Why malicious internet traffic is increasing at an alarming rate
Cloudflare, a prominent content delivery network and security services firm, has disclosed that nearly 6.8% of all internet traffic is malicious. This figure marks a whopping 1% increase from the previous year's data. The firm's recent State of Application Security Report, indicates that this surge in cyber threats is primarily fueled by global events such as wars and elections.
Pro-Russian hacktivist groups target Western websites
The report highlights that a significant number of attacks on Western-interest websites, are orchestrated by pro-Russian hacktivist groups like REvil, KillNet, and Anonymous Sudan. It also underscores the alarming rate at which new vulnerabilities are exploited. For example, an attempt to exploit a JetBrains TeamCity DevOps authentication bypass was made only 22 minutes after the proof-of-concept code was published. This rapid exploitation often outpaces most organizations' ability to read security advisories or patch their systems.
Rise in zero-day exploits and importance of security patches
Cloudflare's report also points to an increase in zero-day exploits, with Google reporting 97 such incidents exploited in the wild in 2023. The report emphasizes that cyber attackers often target old, known vulnerabilities. This makes it crucial for organizations to promptly apply security patches to their systems. The report serves as a stark reminder of the importance of staying updated with security advisories, and implementing necessary patches without delay.
DDoS attacks remain preferred method for cybercriminals
Distributed Denial of Service (DDoS) attacks continue to be the favored method of attack for cybercriminals, accounting for more than 37% of all mitigated traffic. In the first quarter of 2024 alone, Cloudflare blocked unique 4.5 million DDoS attacks. This figure represents around a third of all DDoS attacks they mitigated in the previous year. The sophistication and scale of these attacks are also on the rise, indicating an evolving threat landscape.
Unprecedented scale of DDoS attacks in 2023
In August 2023, Cloudflare stopped a massive HTTP/2 Rapid Reset DDoS attack that peaked at an unprecedented 201 million requests per second (RPS). This figure is three times bigger than any previously observed attack. Google Cloud also reported experiencing its largest DDoS attack ever, peaking at 398 million RPS. To put this into perspective, Google Cloud got more RPS in two minutes, than Wikipedia saw traffic during the entire month of September 2023.
API security and the threat of unawareness
The report underscores the growing importance of application programming interface (API) security. With 60% of dynamic web traffic now API-related, these interfaces have become prime targets for attackers. Alarmingly, many firms are not aware of a quarter of their API endpoints. The average enterprise application now utilizes 47 third-party scripts and connects to nearly 50 third-party destinations, each representing a potential security risk.

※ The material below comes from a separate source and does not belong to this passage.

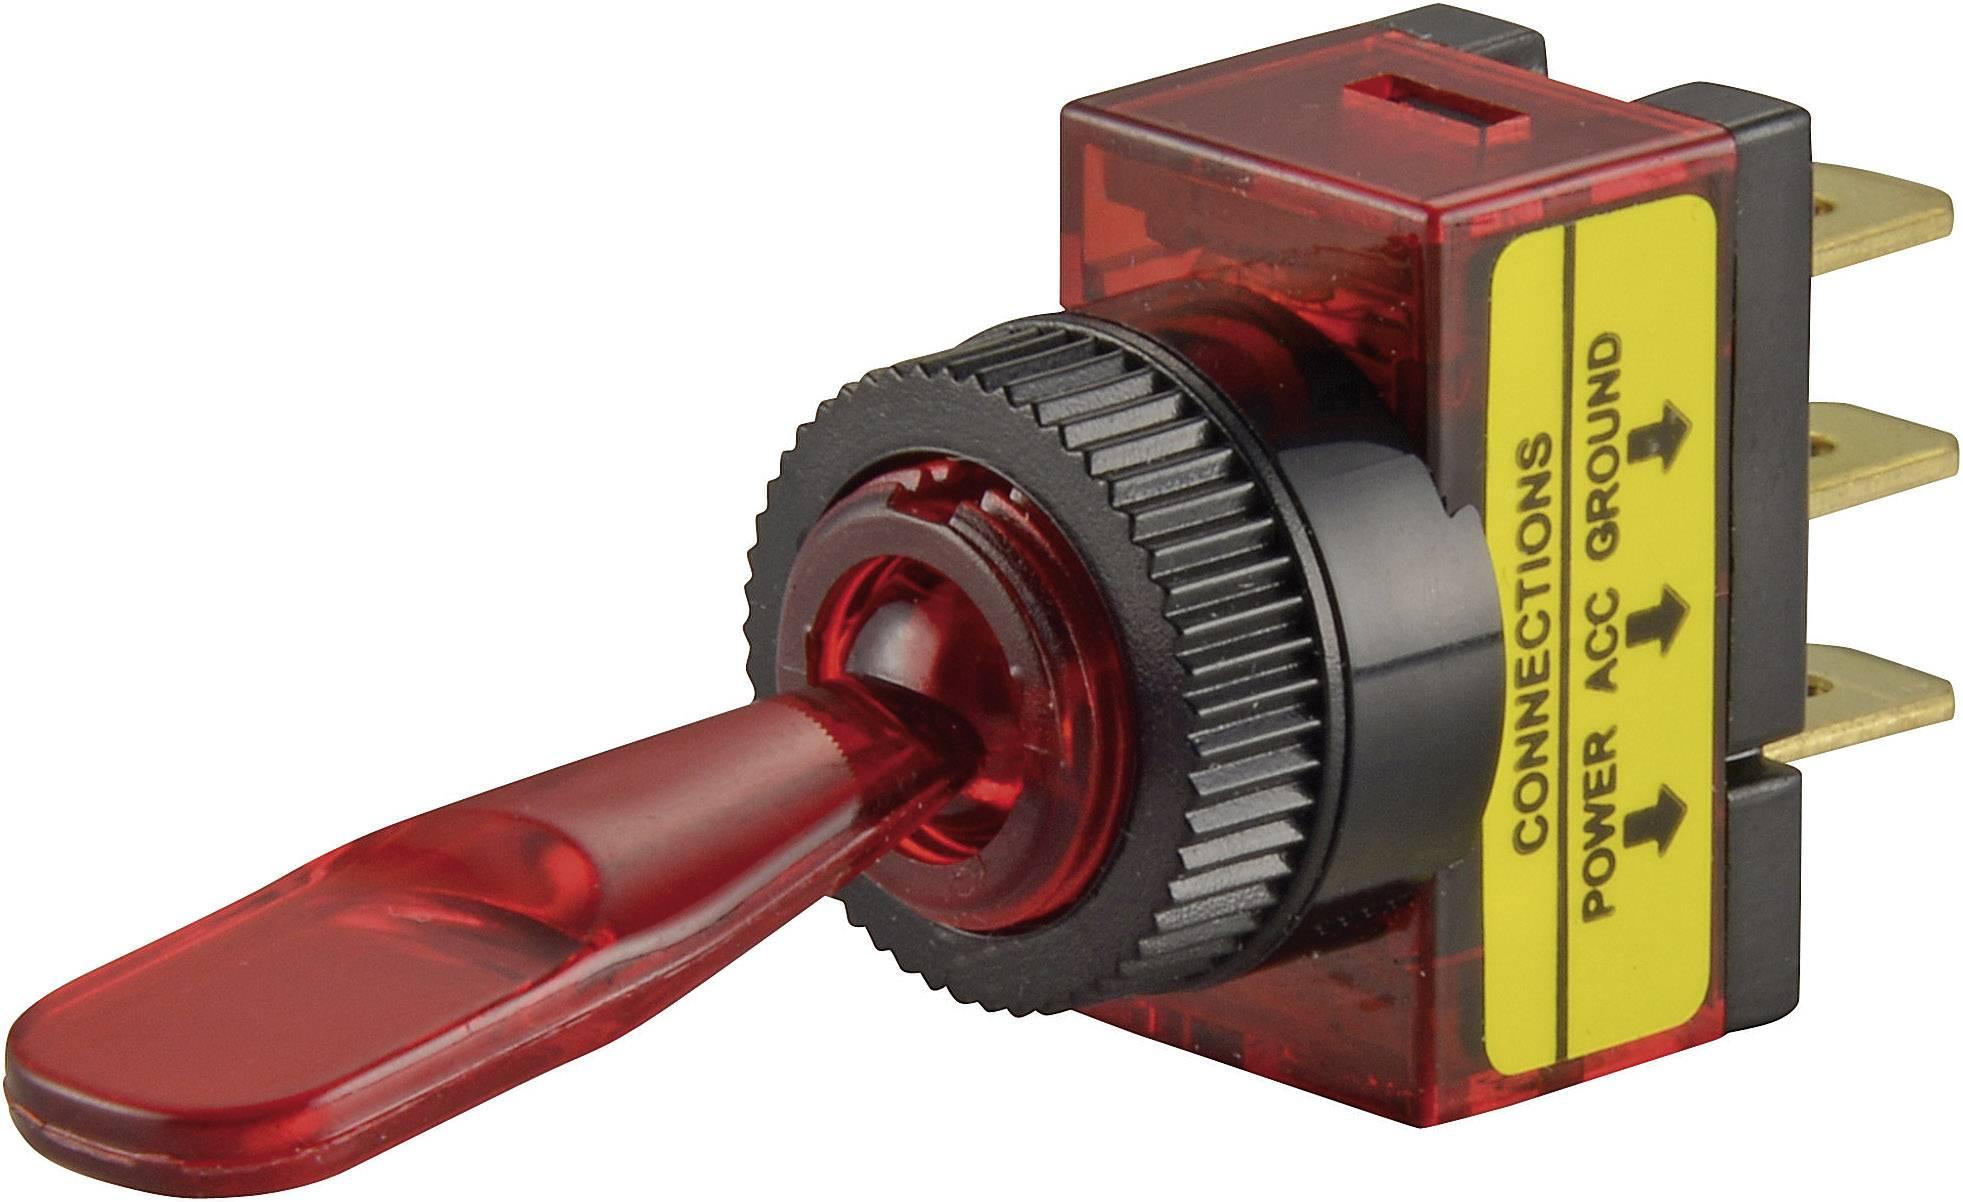 Páčkový přepínač do auta SCI R13-61B ILLUMINATED RED, 12 V/DC, 20 A, s aretací, 1 ks

Automated bot traffic: A growing concern
Cloudflare's report reveals that around 38% of all HTTP requests processed by the company are classified as automated bot traffic. While some bots provide important services, as many as 93% of bots are potentially harmful. This highlights the need for robust security measures to combat these threats. Companies are advised to protect their websites and net services with defenses from companies like Cloudflare and its rivals, including Akamai CDN, Fastly, and Varnish Software.